Randomized algorithms in numerical linear algebra can be fast, scalable and robust. This paper examines the effect of sketching on the right singular vectors corresponding to the smallest singular values of a tall-skinny matrix. We analyze a fast algorithm by Gilbert, Park and Wakin for finding the trailing right singular vectors using randomization by examining the quality of the solution using multiplicative perturbation theory. For an $m\times n$ ($m\geq n$) matrix, the algorithm runs with complexity $O(mn\log n +n^3)$ which is faster than the standard $O(mn^2)$ methods. In applications, numerical experiments show great speedups including a $30\times$ speedup for the AAA algorithm and $10\times$ speedup for the total least squares problem.
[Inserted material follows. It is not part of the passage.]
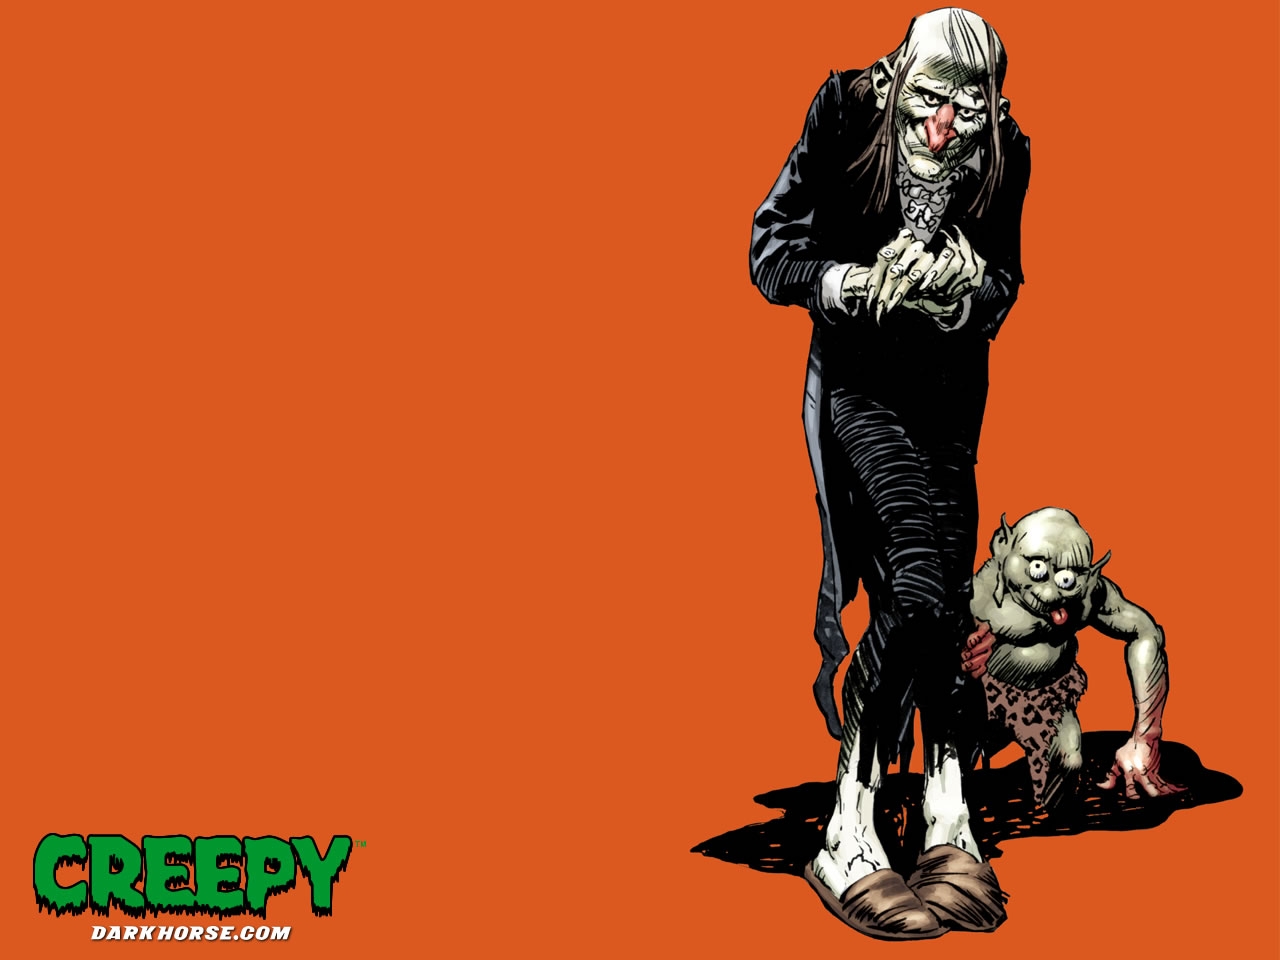 Creepy Comics 1280x960

翻译：数值线性代数中的随机算法具有快速、可扩展和鲁棒的特点。本文研究了随机草图化对细长矩阵最小奇异值对应的右奇异向量的影响。我们分析了Gilbert、Park和Wakin提出的一种利用随机性计算尾随右奇异向量的快速算法，并通过乘法摄动理论考察了该算法的解质量。对于一个$m\times n$（$m\geq n$）矩阵，该算法的计算复杂度为$O(mn\log n + n^3)$，比标准的$O(mn^2)$方法更快。数值实验表明，该算法在实际应用中实现了显著的加速效果，包括在AAA算法中加速30倍，在总体最小二乘问题中加速10倍。